If you have the rack space, I would do Individual Slices. The benefit...Overnight Curing and in 2 to 4 hours you have incredible Smoke Flavor. You can get Stackable Cooling Racks to turn one rack into multiple racks. You can get Ten Pounds, plus of Bacon Cured and Smoked in Days rather than Weeks...JJ


----------



## fivetricks (Jan 20, 2020)

smokerjim said:


> I think it's called uncured because they don't use nitrites or nitrates but they do use celery juice, celery salt which naturally cures it.



Nope.

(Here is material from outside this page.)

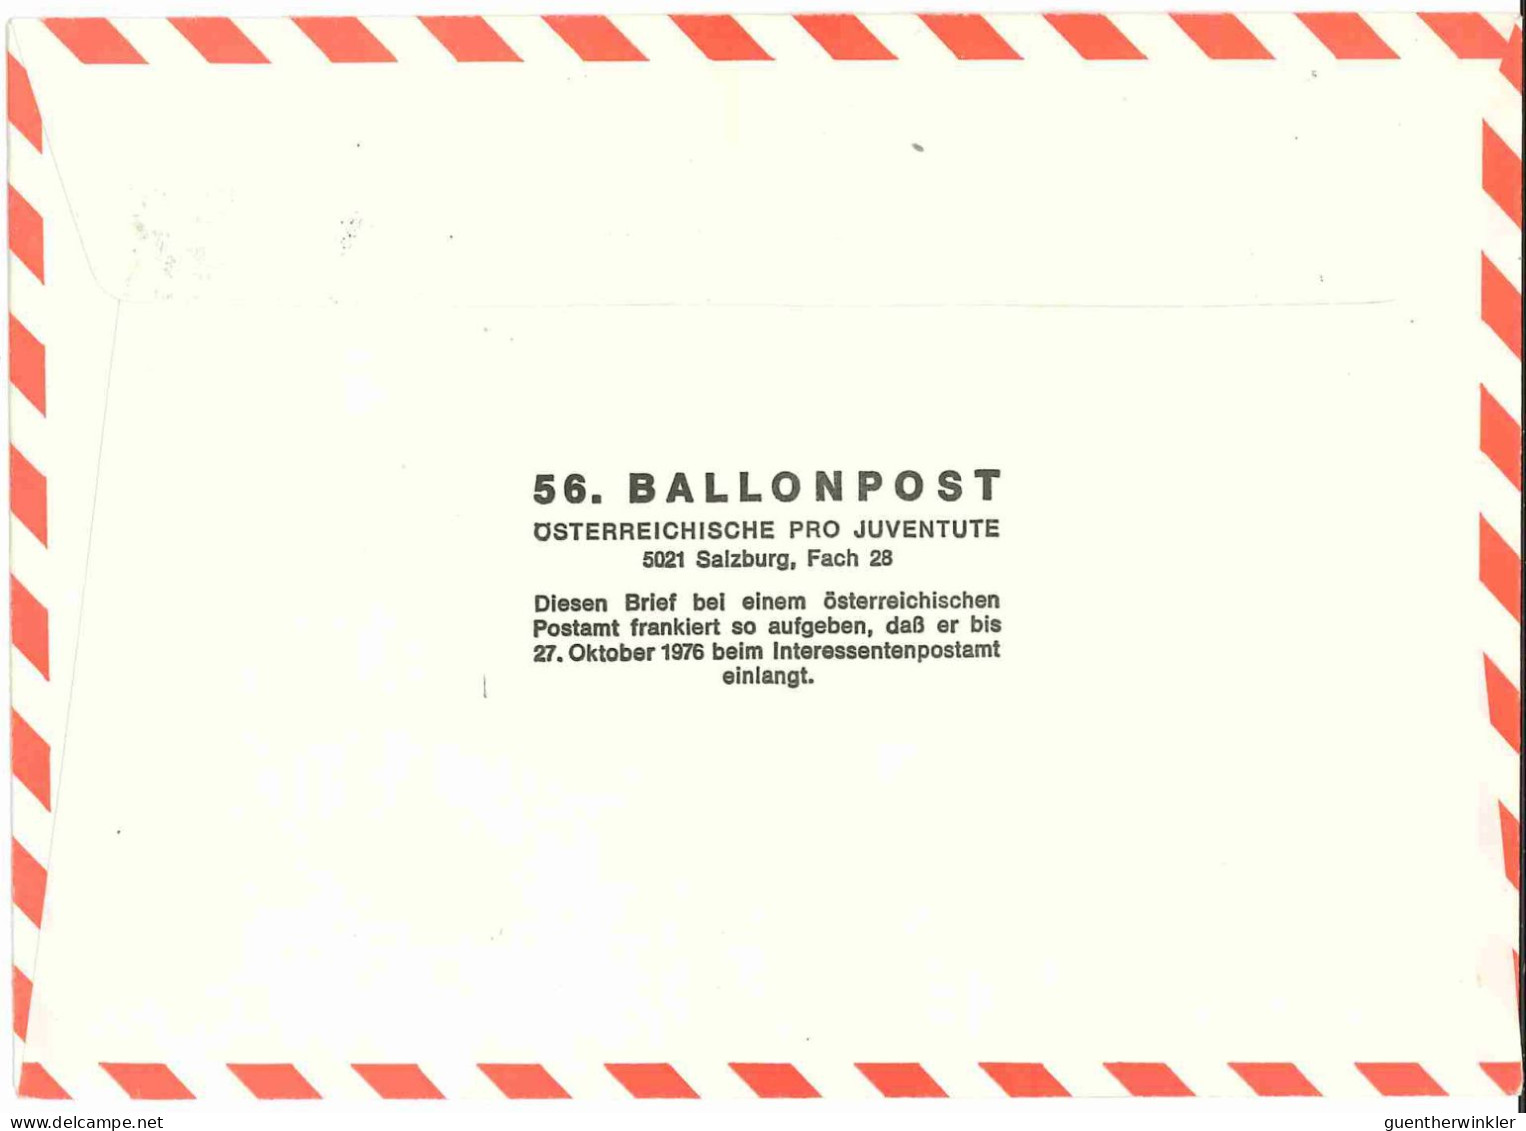 Regulärer Ballonpostflug Nr. 56a Der Pro Juventute [RBP56.] - Ballonpost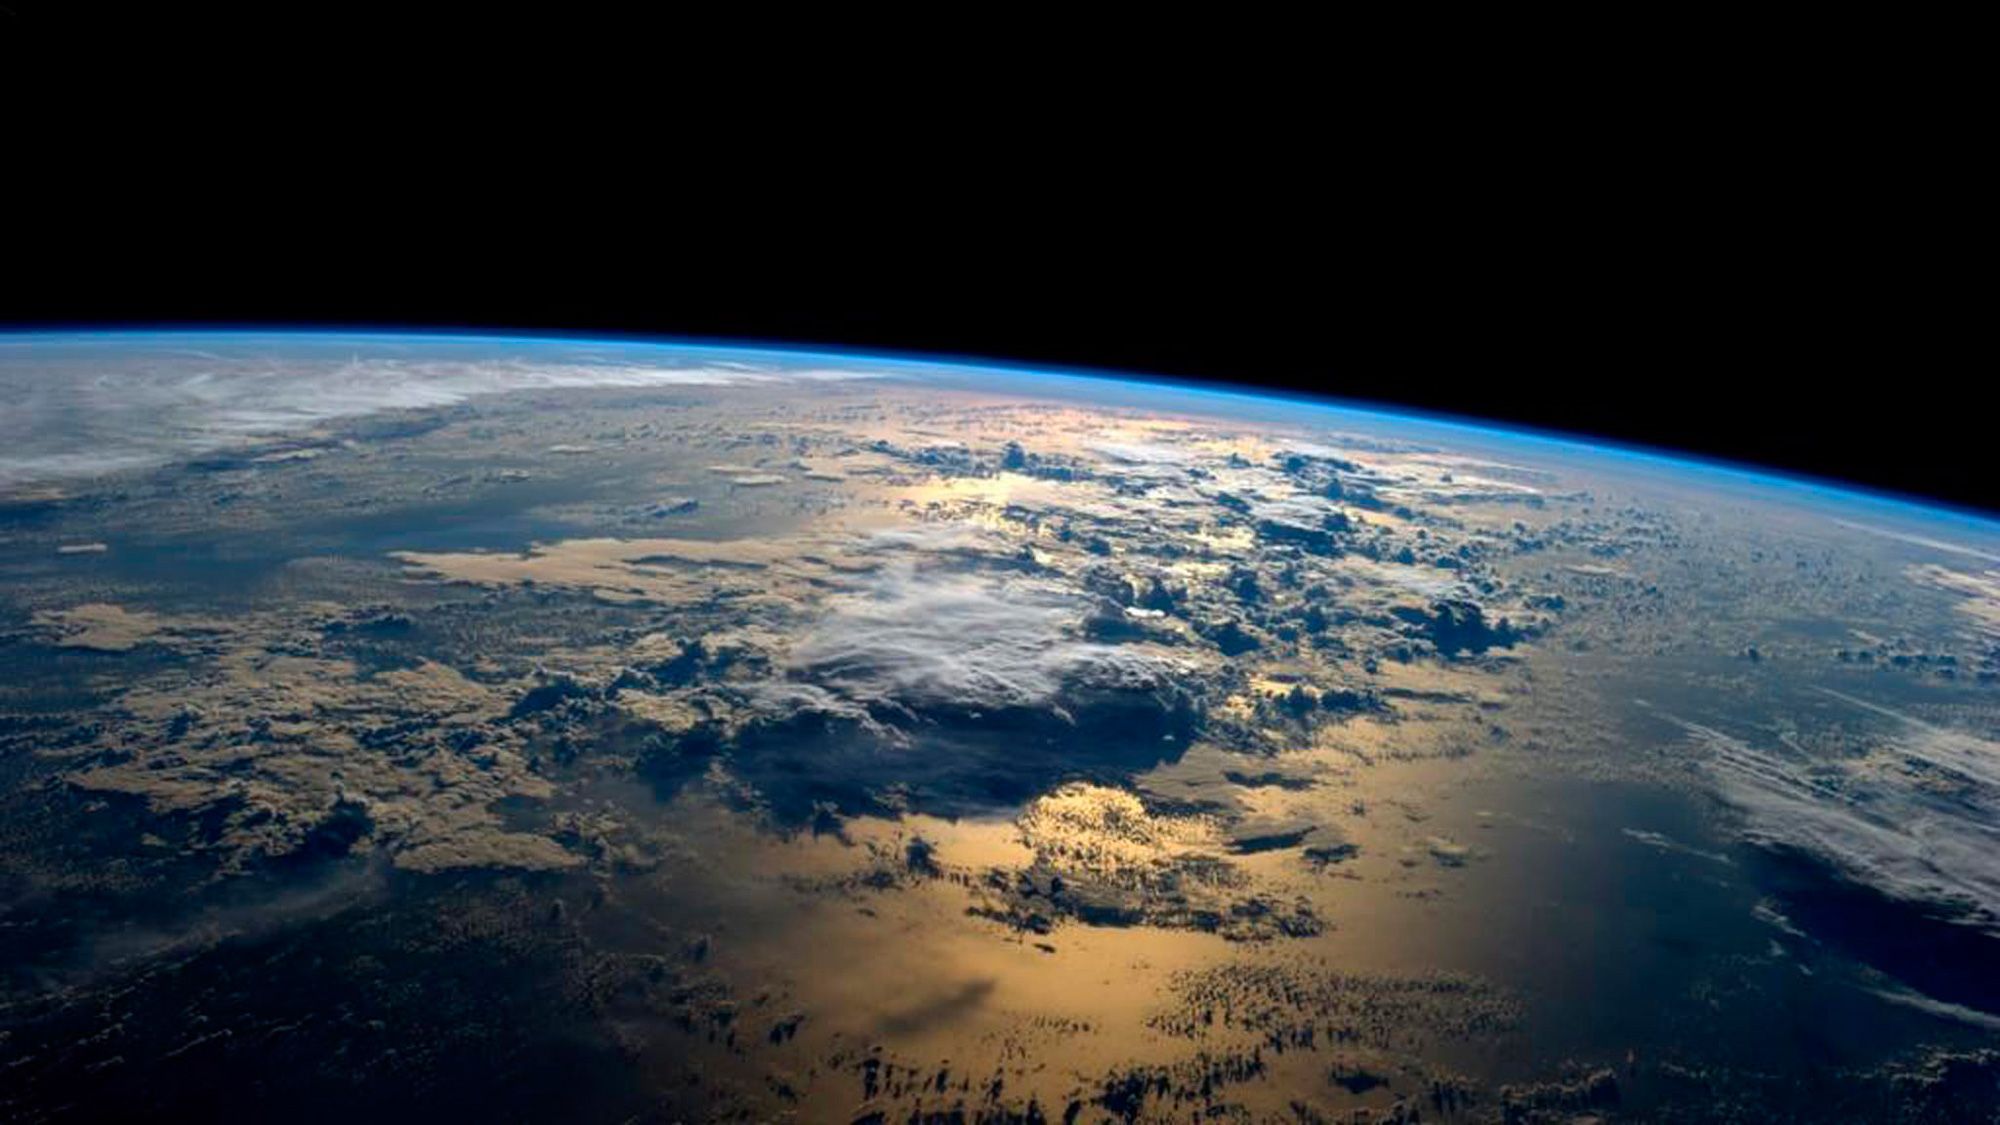  Erde Hintergrundbild 2000x1125. Ausstellung über den Weltraum mit überirdischer Bedeutung

I'm talking about belly, cut juuust a hair thicker than thick cut bacon and slapped into a styro container and thrown in the meat cooler. No cure, no celery juice, nothing like that.

Don't get.me.started on the folks that buy celery juice cured items to "avoid nitrates" :-)


----------



## smokerjim (Jan 20, 2020)

fivetricks said:


> Nope. I'm talking about belly, cut juuust a hair thicker than thick cut bacon and slapped into a styro container and thrown in the meat cooler. No cure, no celery juice, nothing like that.
> 
> Don't get.me.started on the folks that buy celery juice cured items to "avoid nitrates" :-)


ok thanks my mistake. I thought you were talking about the other stuff cured with you know what, i'm not going to say it out loud.


----------